Prizes, such as Coachella shirts, were given out during a raffle halfway through the event.
Max Mauerman, a first-year in political science and journalism, won two tickets to Portugal. The Man.
“I’ve heard of them. I’ve never actually heard any their songs, so I’m not sure if I like them or not, but we’ll see. Hey, (it’s) free tickets,” Mauerman said.

Other ticket prizes included tickets to sold-out Twenty One Pilots April 28 at Newport Music Hall and tickets to the The Shins for June 5 at Lifestyle Communities Pavilion.

Several promotional prize packs for music and entertainment companies were also raffled off thanks to a few of MEISA’s members working for various record labels.

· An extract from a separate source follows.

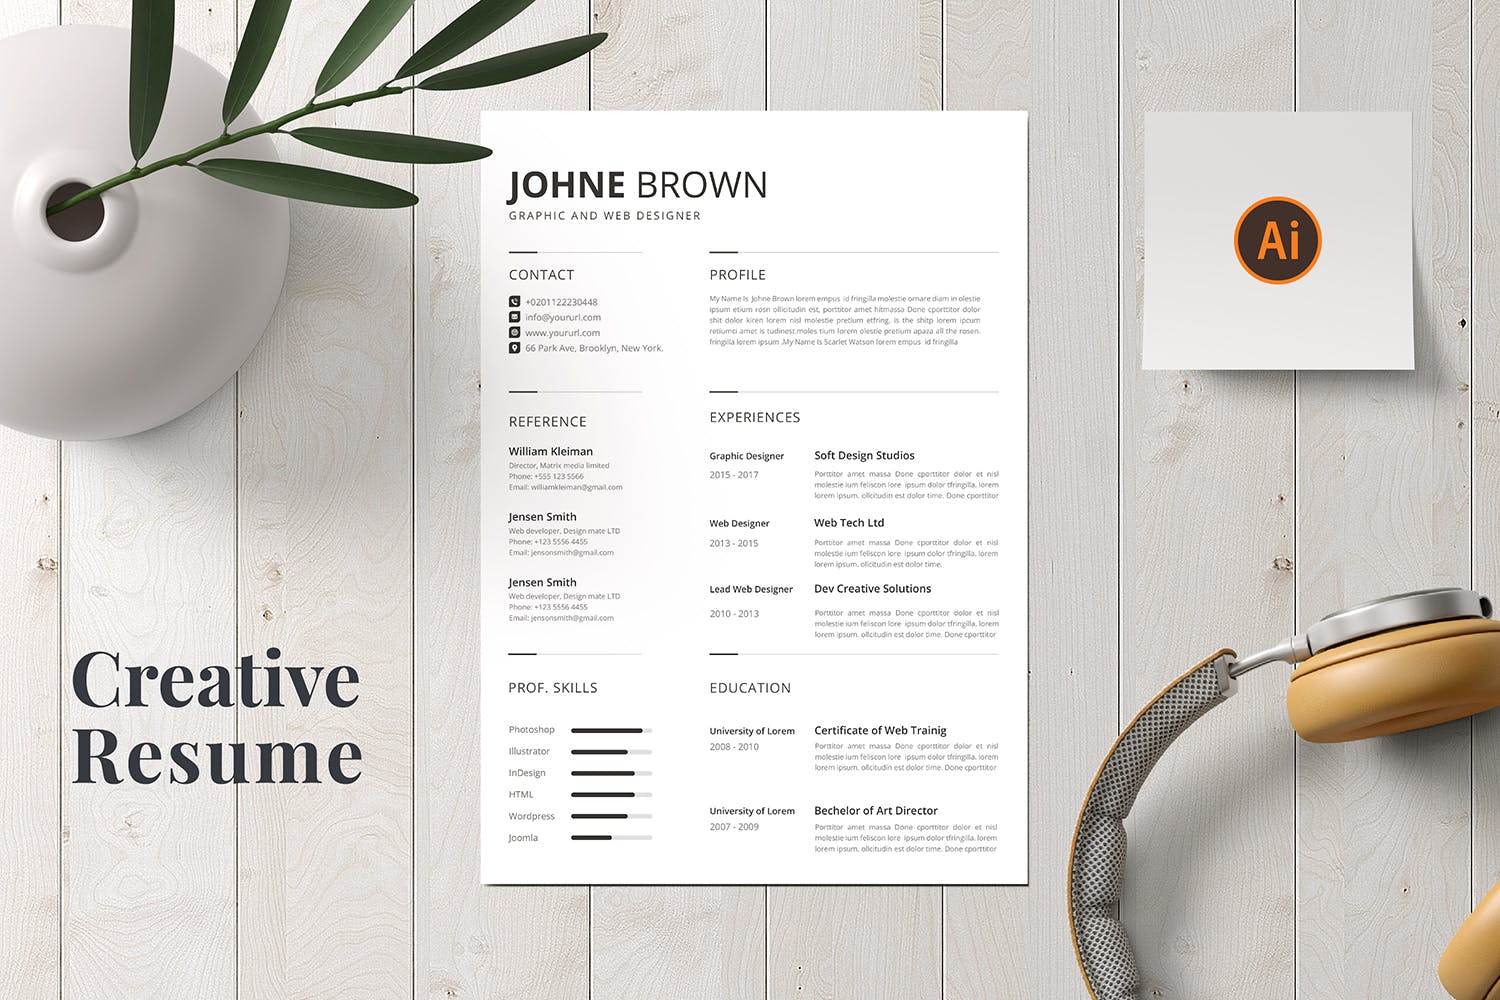 图形&网站设计师履历表排版设计模板 CV Resume插图

“I work for Warner Music Group,” Cramp said. “Our vice president, A.J. Veleta, works for Sony Music Entertainment and a number other members work for other record labels, promotion companies and things like that. So we had a lot of great give-away items.”
Not only were prizes given away at the raffle, but free stuff was put on display for people to take at their liking, including posters, stickers, bookmarks, key chains and magnets.

Alex Reed, a first-year in food science and nutrition, said the most interesting thing about the event was Shakur’s performance.
“They showed Tupac’s live performance at Coachella and he was a whole hologram and it was really interesting,” she said. “It was cool to see that.”
Almost every person was silent and fixated on the screen during the performance. Some even changed seating to get a better view. After his performance, the liveliness of the room resumed.

At the peak attendance around 11 p.m., about 85 people were inside Woody’s. Cramp said he was happy with the turnout for the event.

“I’m just happy people got it, to be honest,” he said. “It was kind of an obscure event. Some people don’t know what Coachella is. Some people wouldn’t understand the idea of watching Coachella from the Union, but it seems like people got on board with it really nicely.”
MEISA will not be able to host a viewing party for the second weekend of Coachella because it is not being streamed.